Acute Infectious Conditions
Oral cavity
Odontogenic infection
Odontogenic infections are the most common source of infections in the head and neck among adults (2,3), with the most common organisms being S. viridans, Prevotella, Staphylococcus, and Peptostreptococcus (4). Inflammatory disease of the teeth can be divided into periodontal infection that originates as gingivitis, resulting in radiolucency along the side of the tooth, or endodontal infection that originates as dental caries, resulting in bone resorption at the tooth apex (2).
The most common path of spread of maxillary odontogenic infection originating in the incisors, canines, premolars, and first molars is to the buccal space, whereas infection originating in the second maxillary molar tends to spread to the masticator space. Infection of the third maxillary molar tends to spread to the parapharyngeal space (5).
The submandibular space extends from the floor of the oral cavity to the attachment of the superficial layer of the deep fascia to the mandible to the hyoid bone (Fig. 21.3). It is divided by the mylohyoid muscle into sublingual (supramylohyoid) and submandibular (inframylohyoid) compartments. The mylohyoid muscle originates from the mylohyoid line of the mandible; the posterior fibers insert to the body of the hyoid, whereas the middle and anterior fibers are inserted into a median fibrous raphe. The free posterior border of the mylohyoid allows communication of infection across the sublingual and submandibular spaces.
FIG. 21.3 Submandibular space. A: On coronal reformatted postcontrast CT image, the mylohyoid muscle (white arrows) is seen as a sling forming the floor of the mouth. The sublingual compartment (SLS) is superior and medial to and the submandibular compartment (SMS) inferior to the mylohyoid muscle. The genioglossus and geniohyoid muscles (black arrows) are also seen. B: The free posterior border of the mylohyoid muscle (arrows) is seen on this axial postcontrast CT image, allowing communication between the SLS and SMS of the submandibular space.
Odontogenic infection originating in the mandibular incisors, canines, or first premolars spreads into the sublingual space. Because the second and third mandibular molar tooth roots extend below the mylohyoid muscle insertion, odontogenic infection originating from these teeth tends to spread into the submandibular space (2). Complications of odontogenic infections include oroantral fistula, which occurs secondary to resorption of the tooth root, or odontogenic sinusitis, which refers to secondary infection of the paranasal sinuses originating from dental infection (2) (Fig. 21.4). The maxillary sinus is the main sinus involved because of its proximity to the posterior maxillary teeth. Unusual complications include osteomyelitis and rarely intraorbital extension.
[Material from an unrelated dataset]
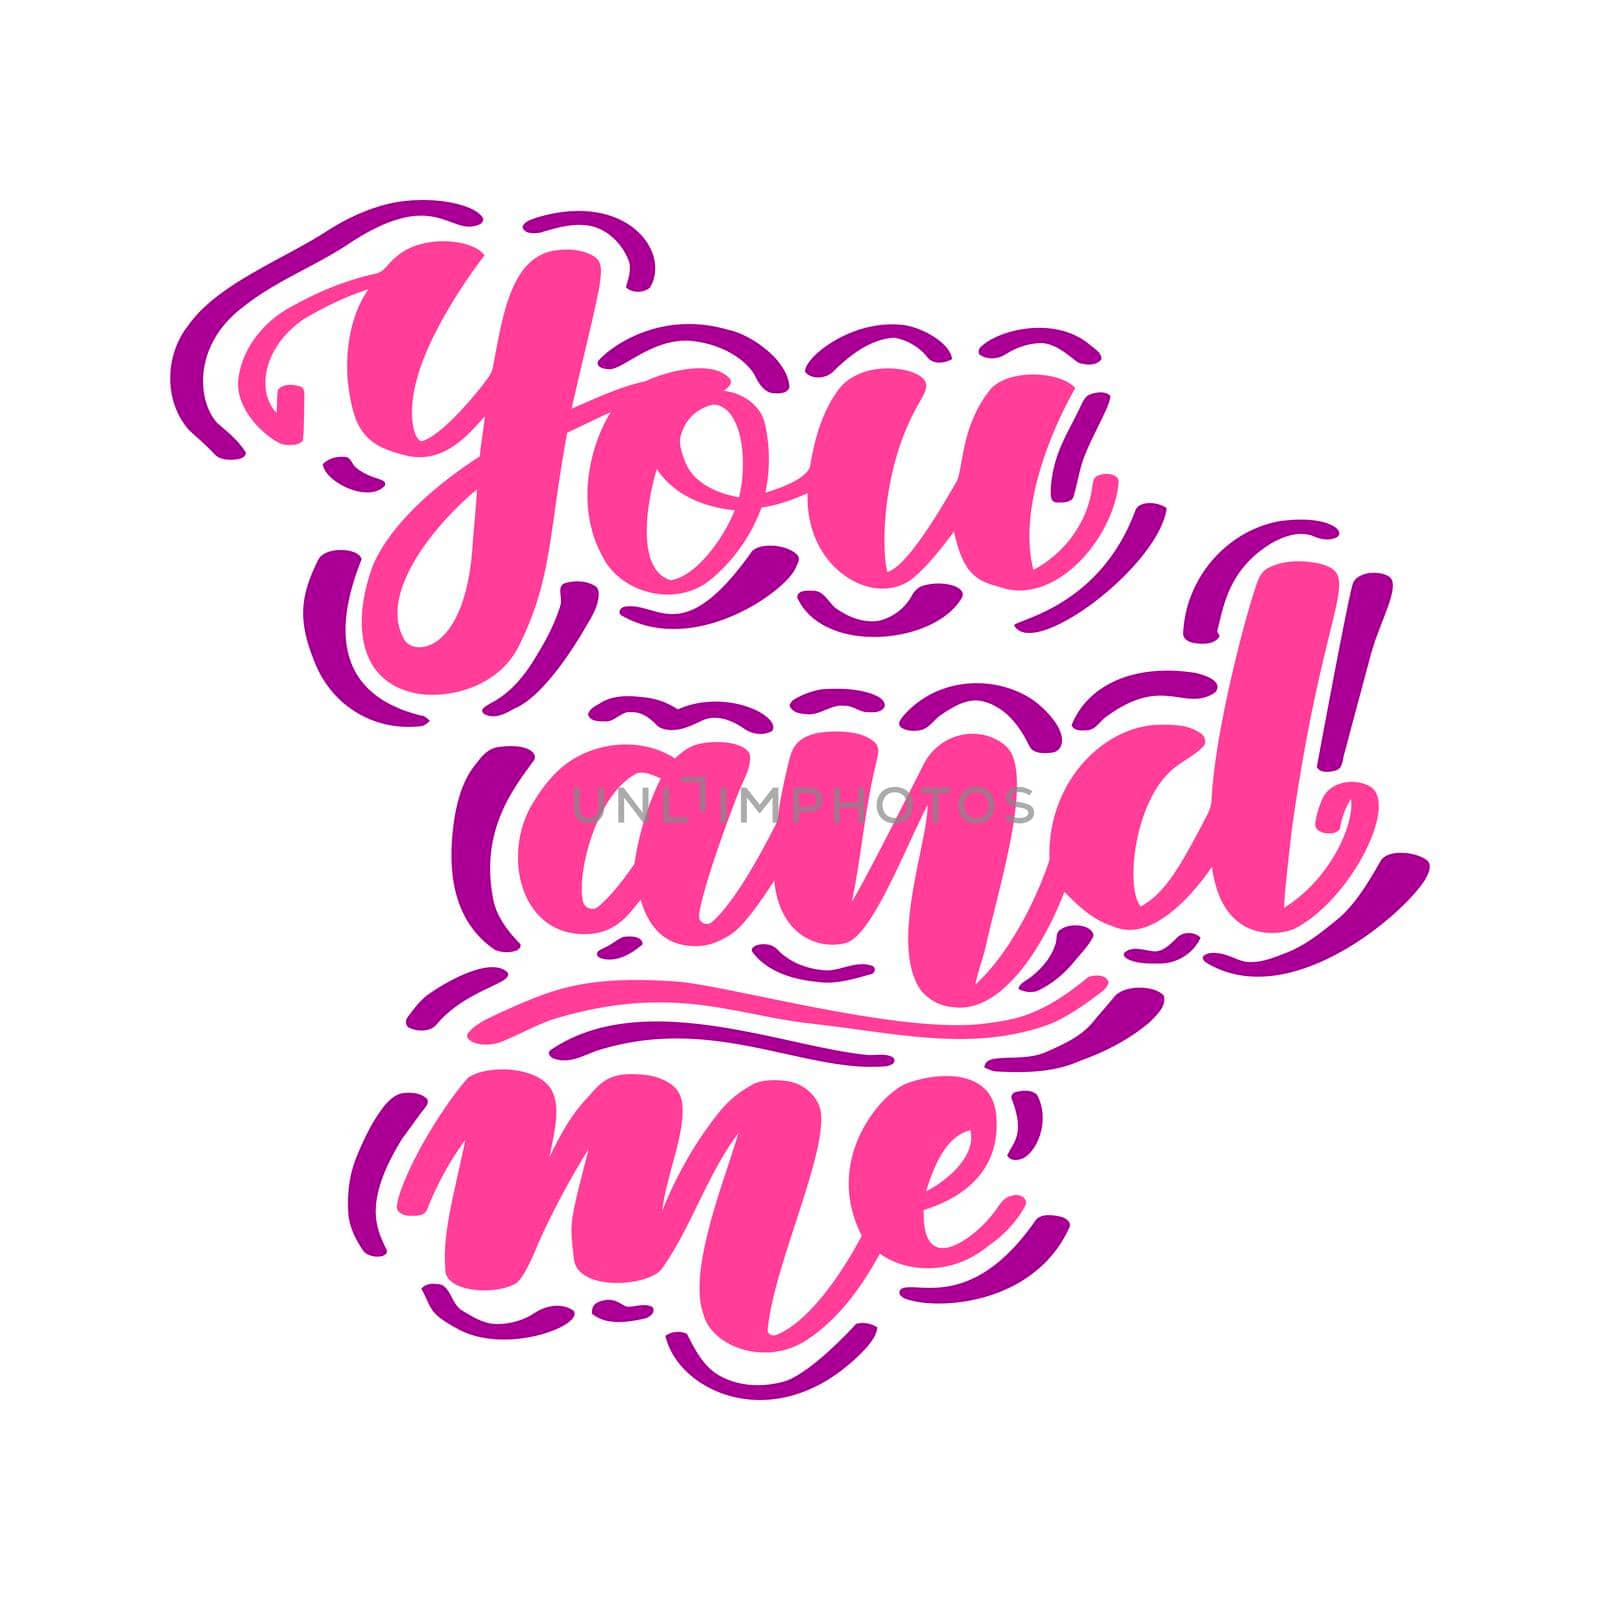 You and me. Romantic handwritten lettering isolated on white background. illustration for posters, cards, print on t-shirts and much more.

FIG. 21.4 Odontogenic infection. A: Axial postcontrast CT image shows a low-attenuation, rim-enhancing mass (long black arrows) along the lingual surface of the mandible, inferior to the displaced mylohyoid muscle (short black arrow). There is thickening of the platysma muscle (white arrow) and stranding of the subcutaneous fat (asterisk). B: Coronal reformatted postcontrast CT image shows the rim-enhancing mass (long black arrow) along the lingual surface of the mandible, inferior to the displaced mylohyoid muscle (short black arrows). There is stranding of the subcutaneous fat (white arrows) and swelling of the right masseter muscle (asterisk). Findings are related to a submandibular space abscess with cellulitis. C: Axial T1-weighted MRI image from a different patient shows bone destruction around the left first molar (long arrow) with associated intermediate signal soft tissue fullness extending to skin surface (short arrow). D: Corresponding axial T2-weighted image shows abnormal high signal around the left first molar (long arrow) extending to the skin surface (short arrow). E: Postcontrast, fat-saturated axial T1-weighted image demonstrates enhancement around the left first molar (long arrow) extending to the skin surface (short arrow). Findings compatible with osteomyelitis and draining sinus tract in a patient with history of chronic left mandibular area infection draining tract.
Ludwig angina
Ludwig angina is an aggressive, potentially life-threatening cellulitis of bilateral supra and inframylohyoid compartments, named after a German physician, Wilhelm Friedrich von Ludwig, who first described this condition in 1836. The most common source of infection is odontogenic, in approximately 80% of cases, usually an infection of the third mandibular molar tooth or pericoronitis (an infection of the gums surrounding the partially erupted lower third molar tooth), with other sources of infection including submandibular sialadenitis, lymphadenitis, and trauma. Infection initially may be limited to either the sublingual or submandibular space. However, infection can communicate across the posterior border of the mylohyoid and across the midline if it is not adequately treated (6). Patients present with pain, swelling, dysphagia, fever, tongue elevation, drooling, and an inability to swallow. At physical examination, the submandibular tissues are firm and hard, and crepitation may be present. As soft tissue swelling displaces the tongue into the pharyngeal airway, the patient may experience difficulty breathing or stridor, with a potential risk of direct spread to the parapharyngeal space or the RPSs, and subsequent rapidly progressive airway obstruction.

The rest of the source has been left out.